_Problem description:_
Drop the pictures and extract exactly the lines from the one that contains "Suzuki ficha a" through the end of the material.

_Source material:_

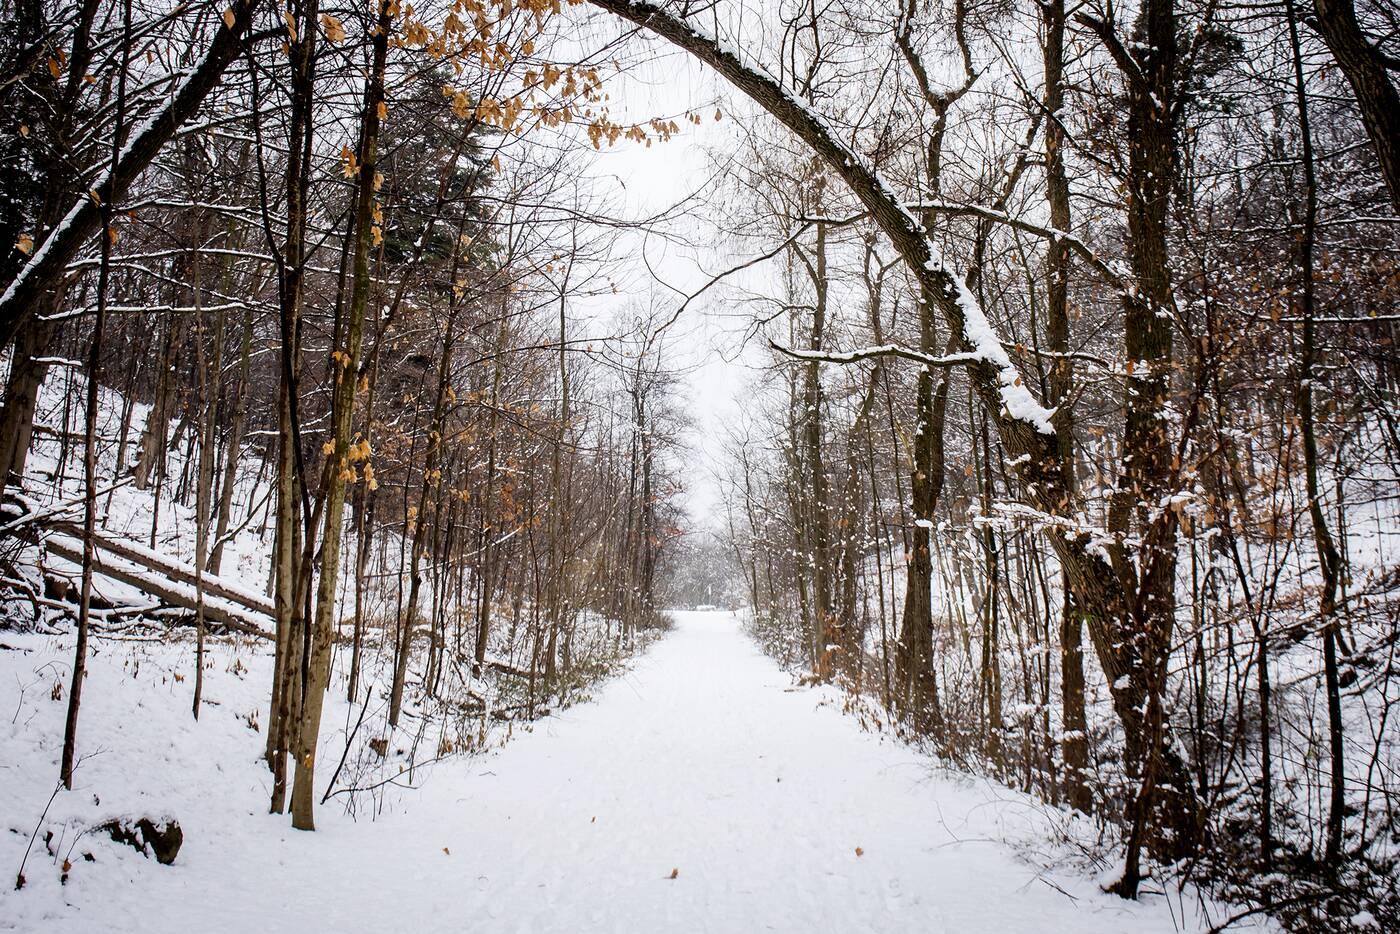 doris mccarthy trail
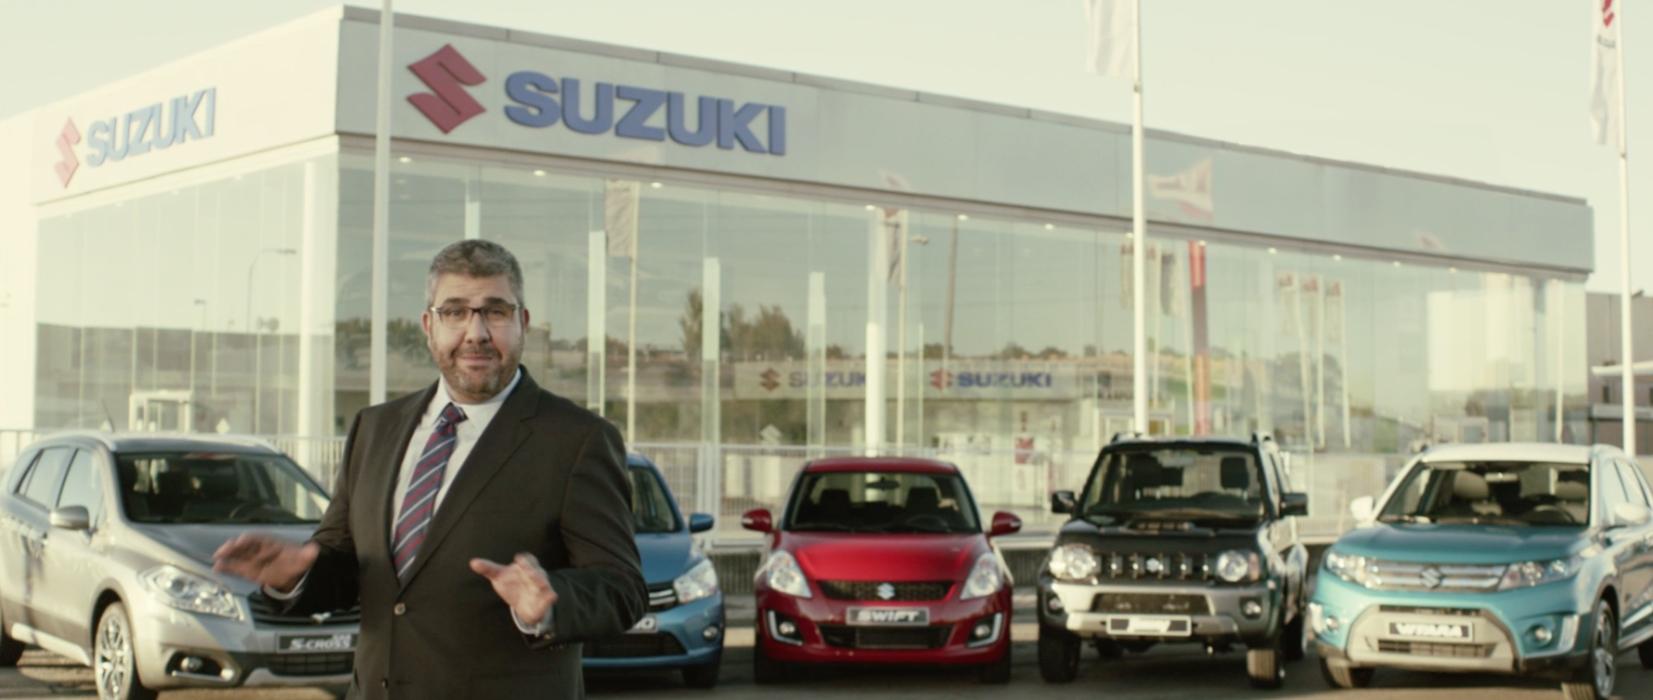 Suzuki ficha a Florentino Fernández como vendedor de coches
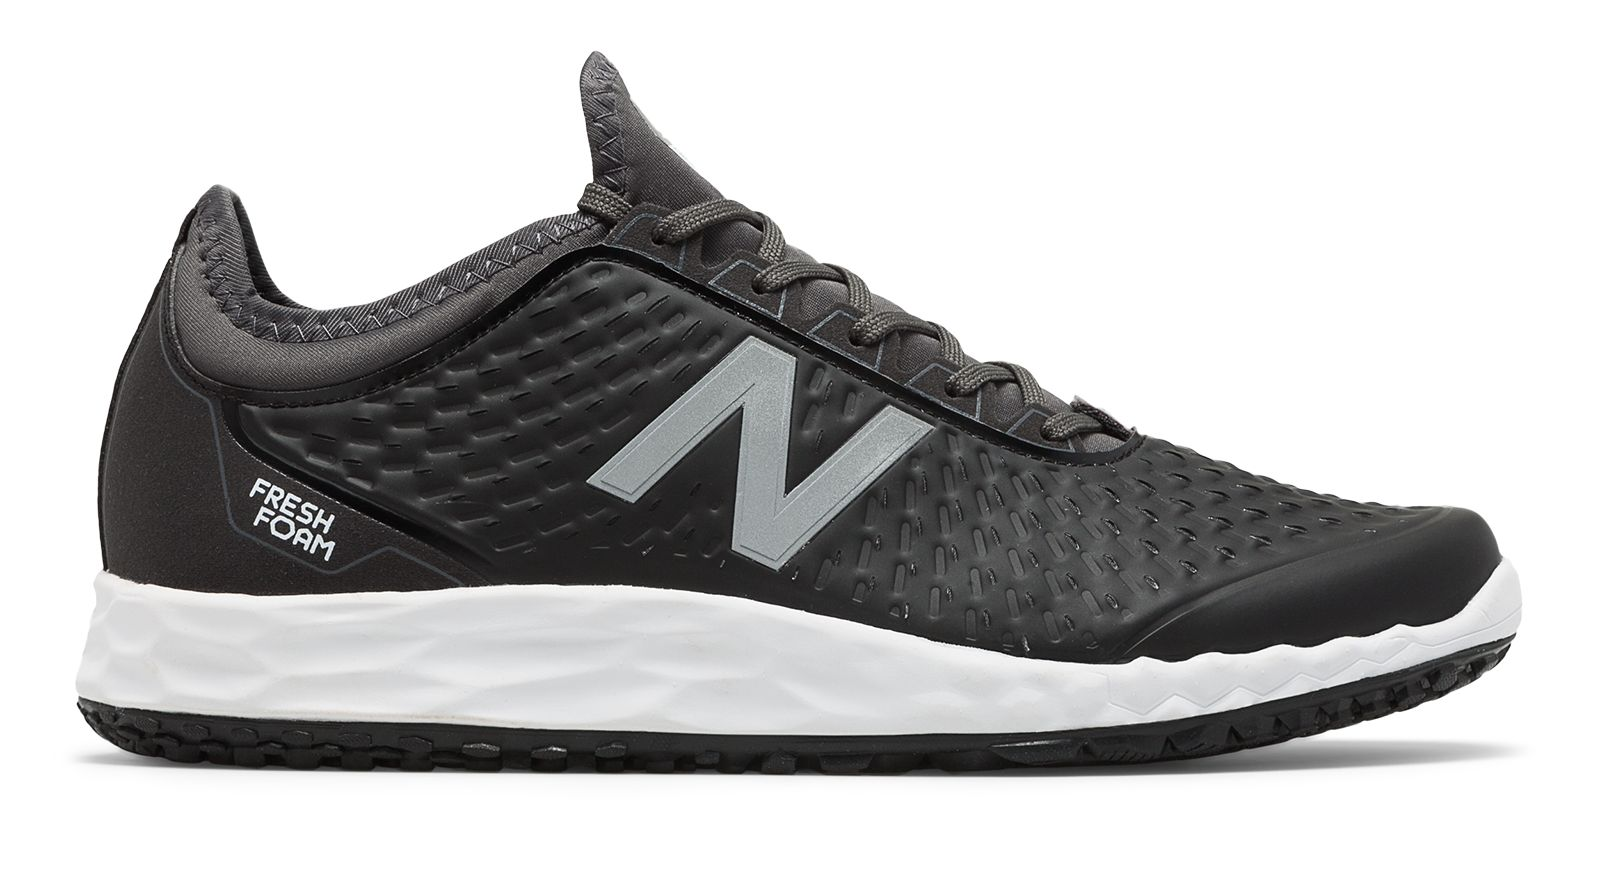 477f1710d New Balance Male Men s Fresh Foam Vaadu Comfort Adult Black With ...
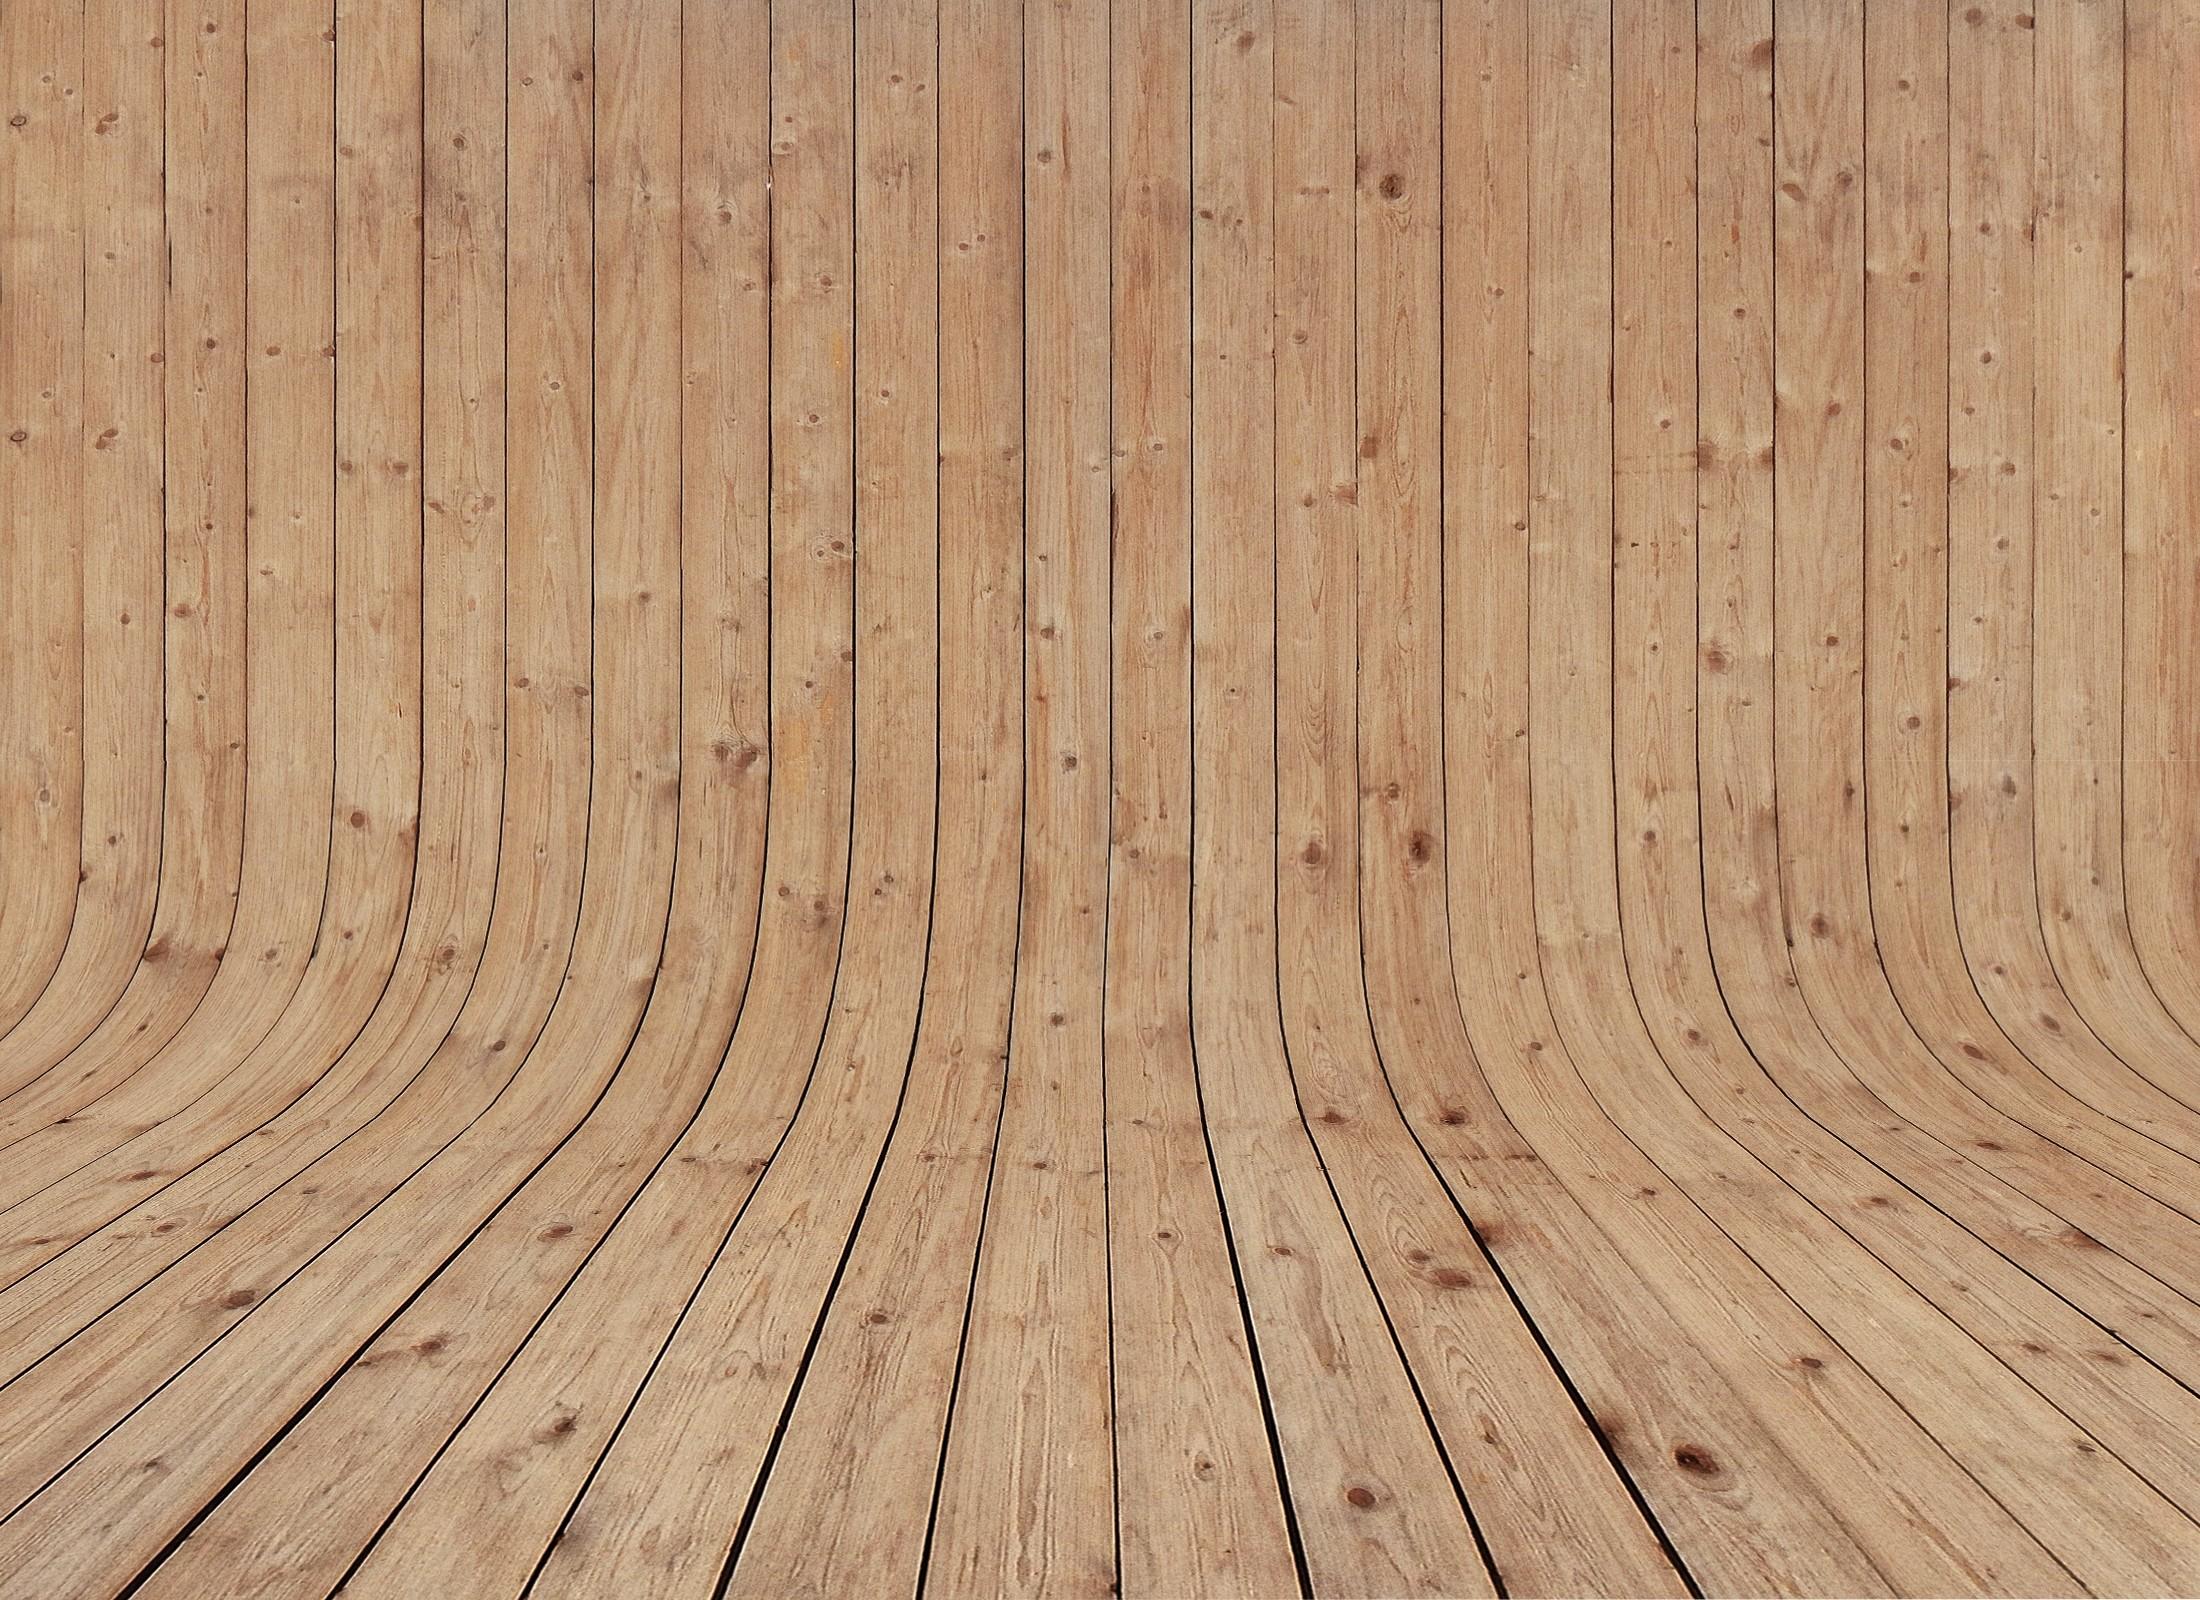 hintergrundbilder : holzoberfläche, feld, nahansicht, textur

_Written reply:_
 Suzuki ficha a Florentino Fernández como vendedor de coches
 477f1710d New Balance Male Men s Fresh Foam Vaadu Comfort Adult Black With ...
 hintergrundbilder : holzoberfläche, feld, nahansicht, textur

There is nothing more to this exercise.